- Developer: Francisco Téllez de Meneses
- Publishers: Versus Evil Eastasiasoft (PS Vita)
- Platforms: PlayStation Vita, Windows, PlayStation 4, Xbox One, Nintendo Switch
- Release: PlayStation Vita; 21 April 2021; Windows, PlayStation 4, Xbox One, Nintendo Switch; 28 September 2021;
- Genres: Action-adventure, stealth, comedy
- Mode: Single-player

= UnMetal =

2021 action-adventure stealth comedy video game

UnMetal is a 2021 action-adventure stealth video game developed by Francisco Téllez de Meneses and published by Eastasiasoft for the PlayStation Vita and Versus Evil for Windows, PlayStation 4, Xbox One, and Nintendo Switch. The game follows Jesse Fox, a falsely-accused prisoner who attempts to escape a military prison while uncovering a nuclear threat.

The game is an absurdist parody of Konami's Metal Gear franchise, using fourth wall metahumor, running gags, and action film tropes throughout its presentation and gameplay; the game's protagonist, Jesse Fox, is a direct parody of recurring Metal Gear protagonists Solid Snake and Naked Snake. Gameplay is similar to Metal Gear (1987) and Metal Gear 2: Solid Snake (1990) with modern overhauls, including a crafting system, a reliance on non-lethal weaponry, and direct influence of the narration and player's choices in certain sections.

UnMetal was released on 21 April 2021 for the PlayStation Vita, and 28 September 2021 for PC and consoles, to generally positive reviews.

== Gameplay ==

An in-game screenshot of Fox hiding from two guards blocking the path to a door

In UnMetal, the player controls Jesse Fox, a prisoner attempting to escape a maximum-security prison. While moving through each level, Fox must avoid visual contact and direct confrontation with patrolling guards; if he is detected, the alarm will be sounded, and Fox must hide from reinforcements until they lose track of where he is. To dispatch guards, Fox can hit them at close-range, or he can distract them by hitting objects or tossing a coin to sneak past or lure them. Unconscious enemies can be carried to hide their bodies, or they can be searched for items. Different weapons are unlocked as the game progresses, including a slingshot firing "depleted uranium balls", chloroform, a pistol, a flamethrower, Molotov cocktails, grenades, electromagnetic grenades, and a rocket launcher; ranged weapons require limited ammunition that must be collected and stockpiled. If Fox is injured, he will begin to bleed and slowly lose health; players can use bandages to stop the bleeding, medkits to gradually replenish health, or blood bags to fully replenish health. As Fox refuses to kill people, any enemies incapacitated by lethal weapons such as the pistol must be healed using an available medkit before they bleed out, or the player will get a game over, though this is unnecessary for bosses and non-human enemies.

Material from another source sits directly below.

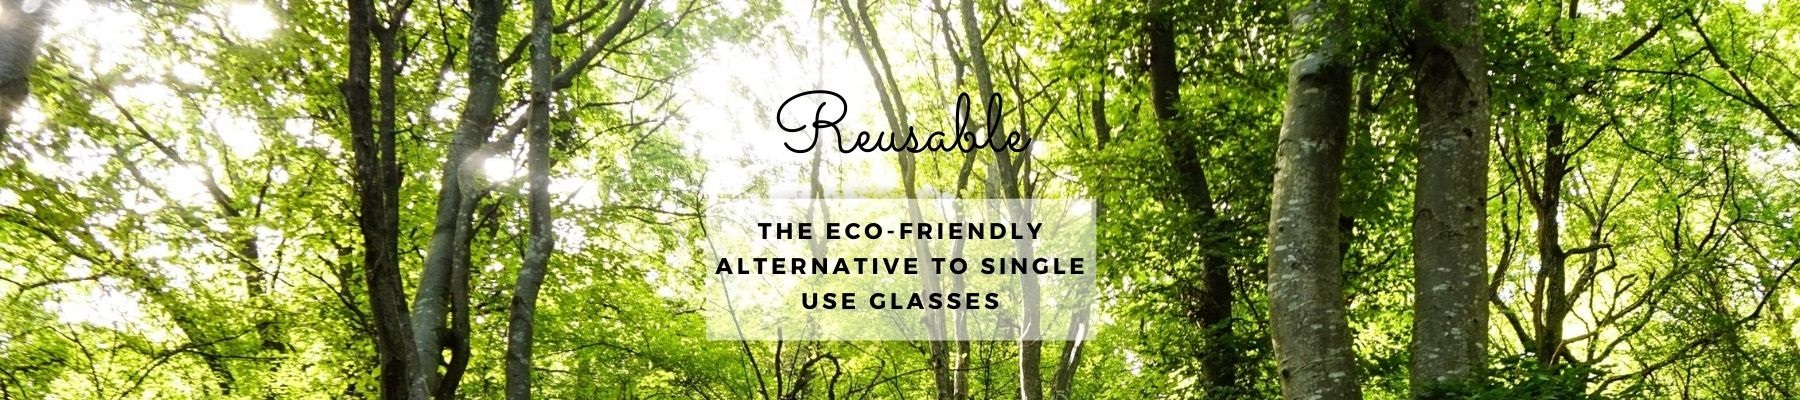 Environmentally Friendly Reusable Plastic Glasses

Gameplay is presented in 2D from a top-down perspective, controlling Fox as he moves through each level's screens. The game has ten levels, with additional achievements and secrets to unlock. Some level segments feature unique gameplay, such as a shoot 'em up-esque boat battle with an attack helicopter or a submersible section reminiscent of Metal Slug 3. A menu bar on the right side of the screen displays Fox's experience level, health, and currently-equipped item and weapon. Fox can carry various items in his inventory, and can combine specific items together to craft equipment to progress through certain sections, such as combining plastic barrels and a wooden pallet to create a raft used as a bridge. Fox can also communicate with three colleagues via radio to gain information or tips on what to do next. After leveling up through experience points, the player can choose between different perks and upgrades, such as health regeneration or faster action completion. To save the game, Fox must use the urinal in washrooms located throughout levels or a potty item to save at any time, though potties are "filled" upon use and cannot be used again until the player uses a urinal.

The game's story is told primarily by Fox as a story within a story, presented through cutscenes and brief pauses for narration. At several points in the game, the player can choose between different options of telling the story, which can influence gameplay and game difficulty, but Fox's unreliable narration and his tendency to leave out key details and embellish things mean the options are often vague and are not what they seem. For instance, in one section Fox describes encountering a tentacled creature, with options for "two", "four", or "six"; selecting "six" gives the creature six tentacles, but selecting "two" gives the creature "two dozen tentacles", making the resulting boss fight harder.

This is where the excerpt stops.